AL

Anton Leicht

8 karmaJoined

Comments
1

Thank you for the post, it's interesting and, I think, neglected work on realistic scenarios to take a look at positive goals. 

I have a relatively easy time imagining what a stable failure mode looks like - if everyone's dead, for instance, it seems like they're likely to stay dead. I'm somewhat less certain about how to model a truly stable success mode. What you describe seems to be in essence one successfully aligned AGI and how we might get there. Do you think that is sufficient to be a stable good state regarding AI safety - i.e. a state in which the collective field of AI safety can take a breath and say 'we did it, let's pack it up'? I ask this because it seems important to not be hasty about defining success modes, a false sense of security seems generally dangerous.

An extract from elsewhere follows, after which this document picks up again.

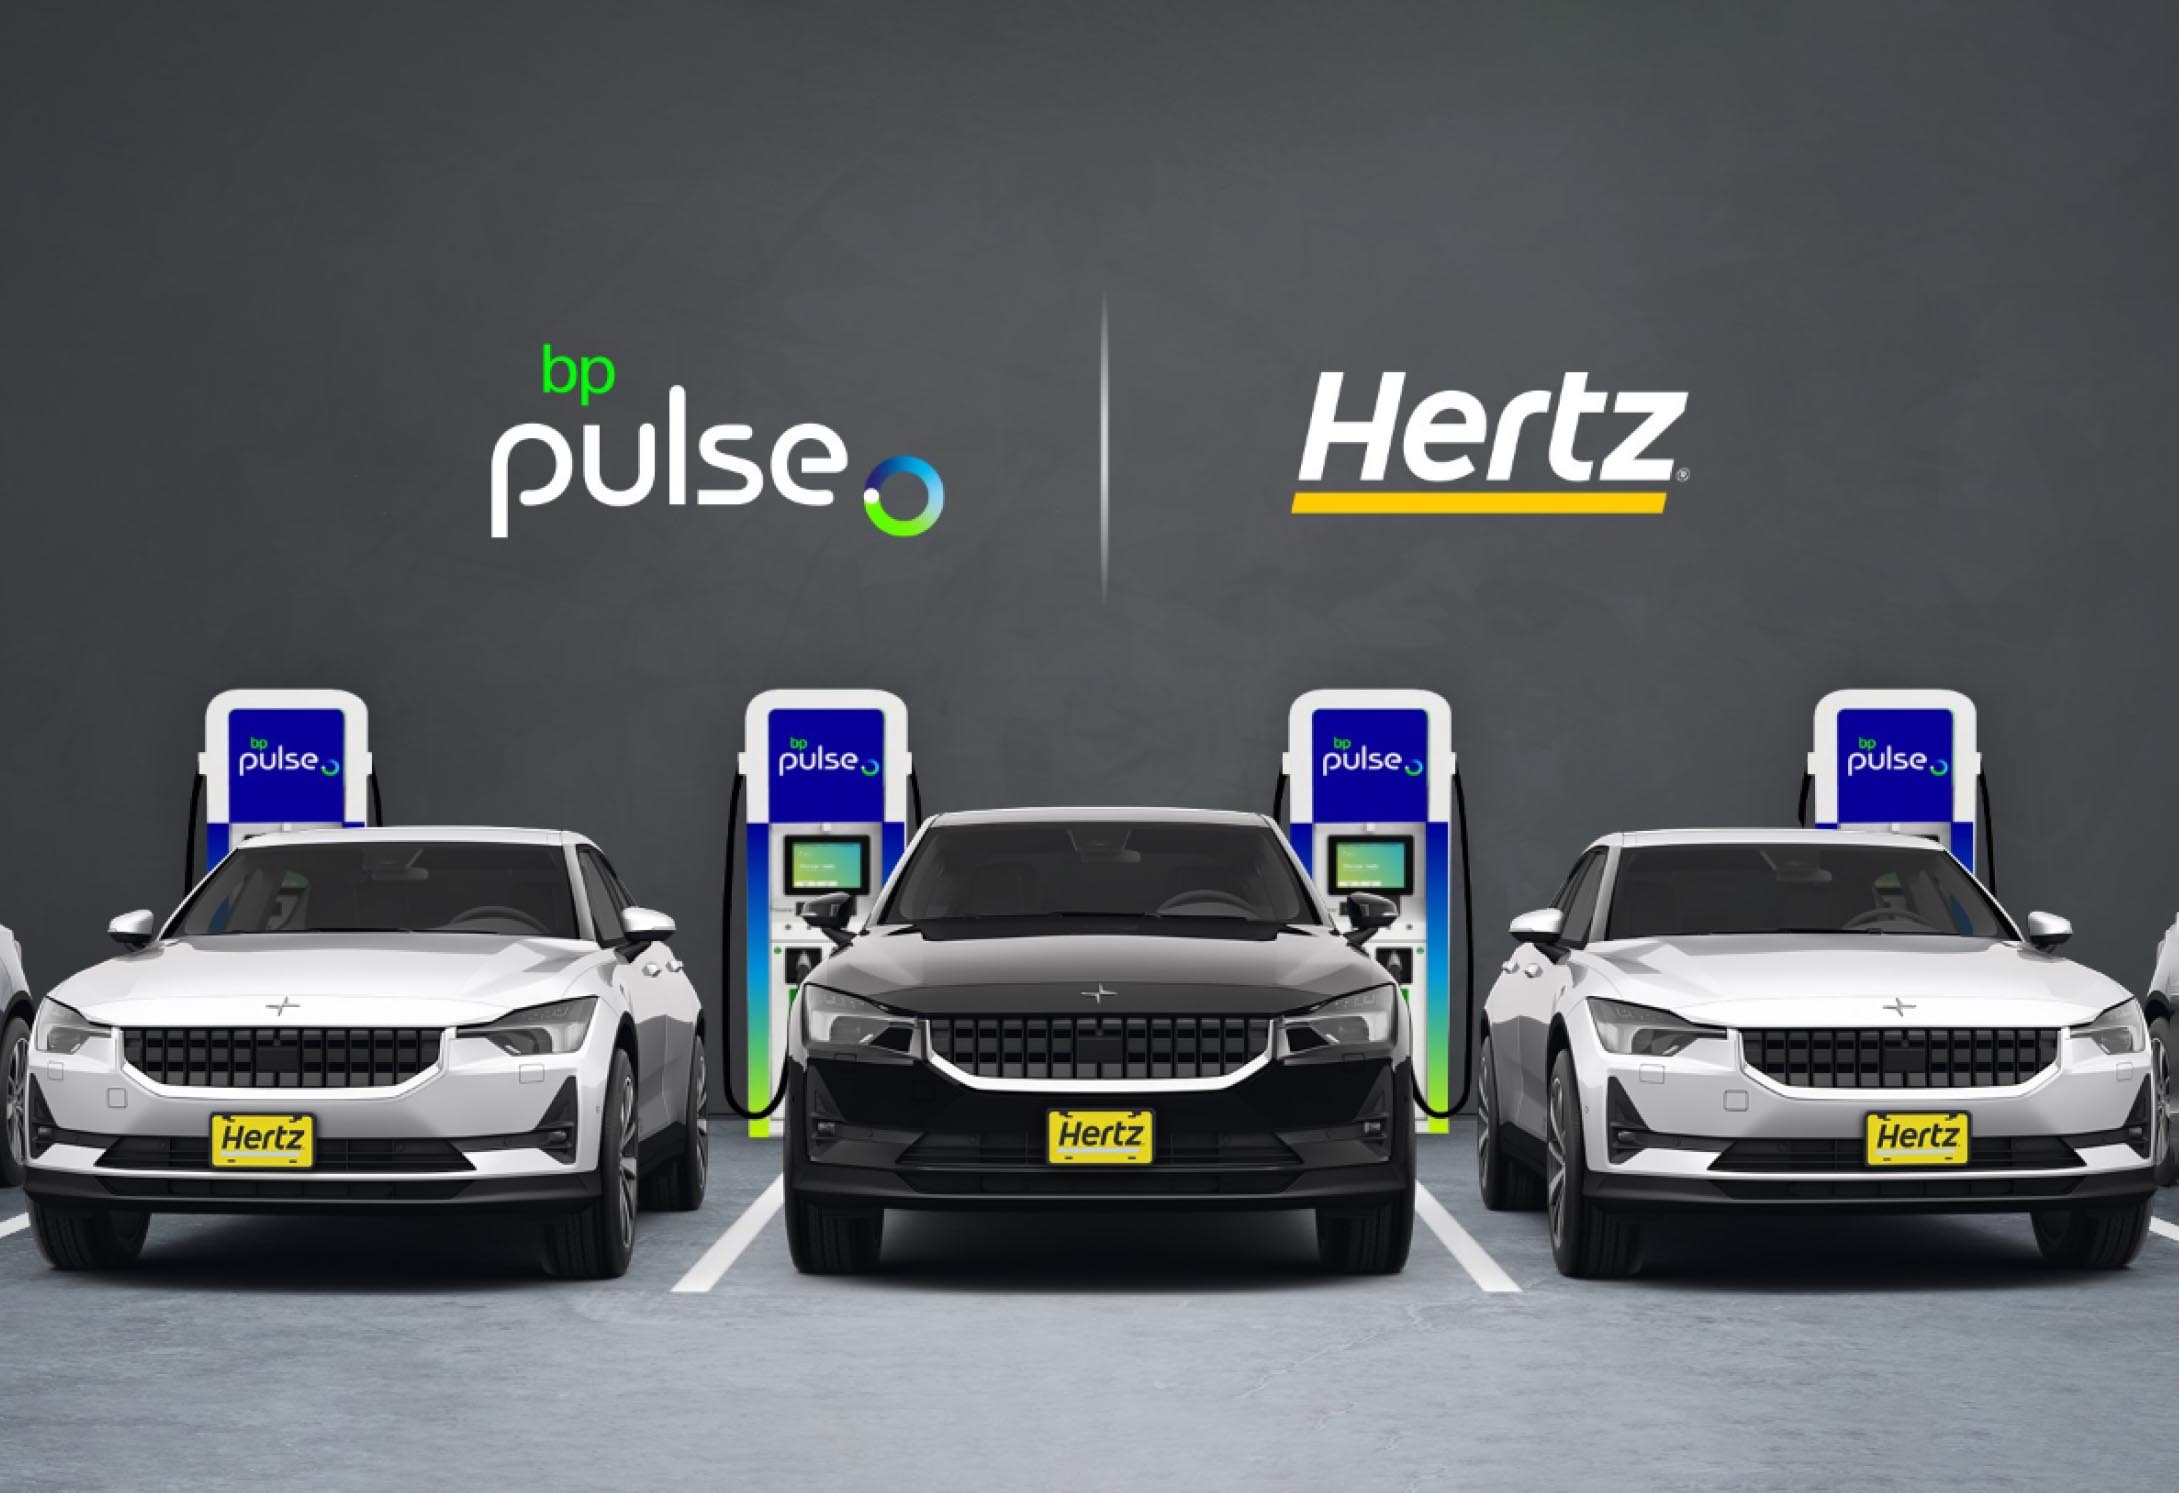 bp and Hertz to develop U.S. network of EV charging stations

I would imagine you might think that one aligned AGI can prevent less well-aligned AGIs from coming into existence; but that of course might come with a potentially concerningly powerful influence on the world. Or that there is a general baseline interest in not building unaligned AGI, so that once the alignment problem is solved, there's just no reason for unaligned AGI coming into existence? Especially in a very slow, multipolar take-off scenario, an isolated success in aligning one AGI doesn't necessarily seem to translate to a global success story. (Even less so if you're worried about how the unaligned and aligned AI might interact).

Another failure mode for an ostensibly stable good state is of course that you just think the AI is aligned and the actions suggested by its value function only come apart from what we think it should do (doesn't even need to be a particularly treacherous or a particularly big turn). Accordingly, some success modes might be more stable than others - i.e. in how certain we can be that the AI is actually correctly aligned and not just seemingly. 

This is a bit of a random collection of thoughts - the TL;DR question version might be: How stable do you think the success in your success stories is?